Please retype all of the entries that follow, leaving the images out.

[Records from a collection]
● ● ● ● ● ● ●
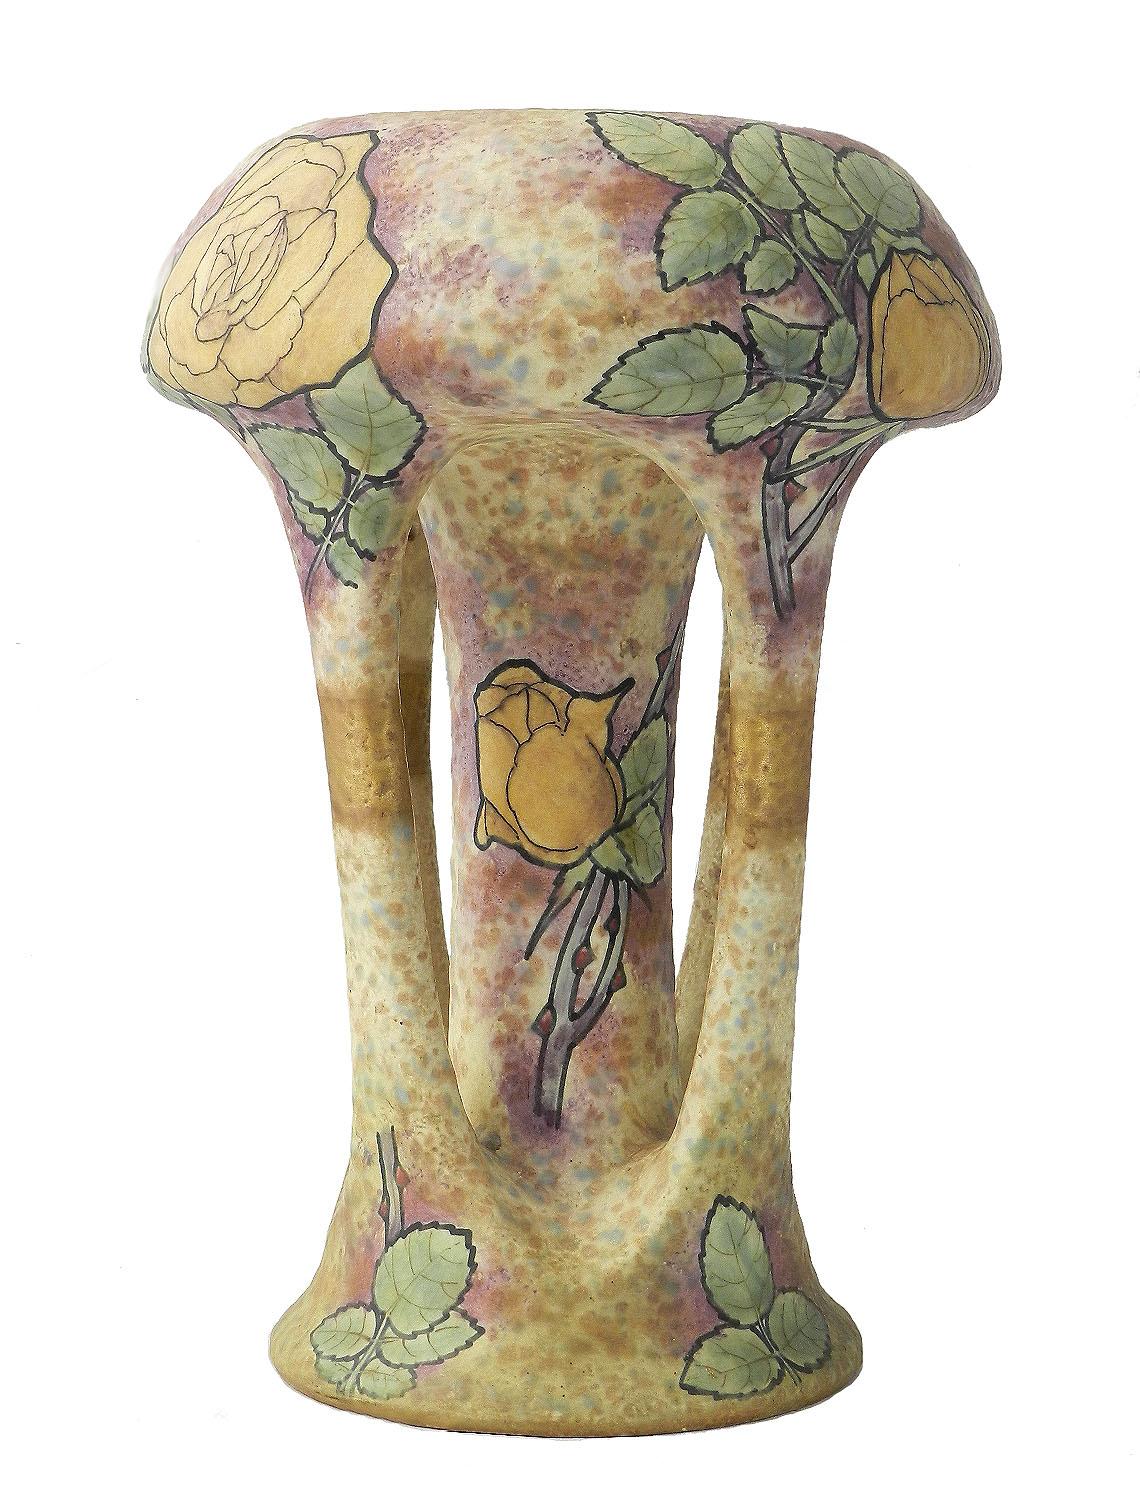 Art Nouveau Amphora vase by Amphora, Austria, circa 1900
Large
Hand decorated
Superb quality marked to base with crown and number
Excellent condition for its age
Manufactured for Riessner, Stellmacher & Kessel (RStK) Amphora of Turn-Teplitz,
● ● ● ● ● ● ●
• RESPONSE TO THE TASK:
 Art Nouveau Amphora vase by Amphora, Austria, circa 1900
Large
Hand decorated
Superb quality marked to base with crown and number
Excellent condition for its age
Manufactured for Riessner, Stellmacher & Kessel (RStK) Amphora of Turn-Teplitz,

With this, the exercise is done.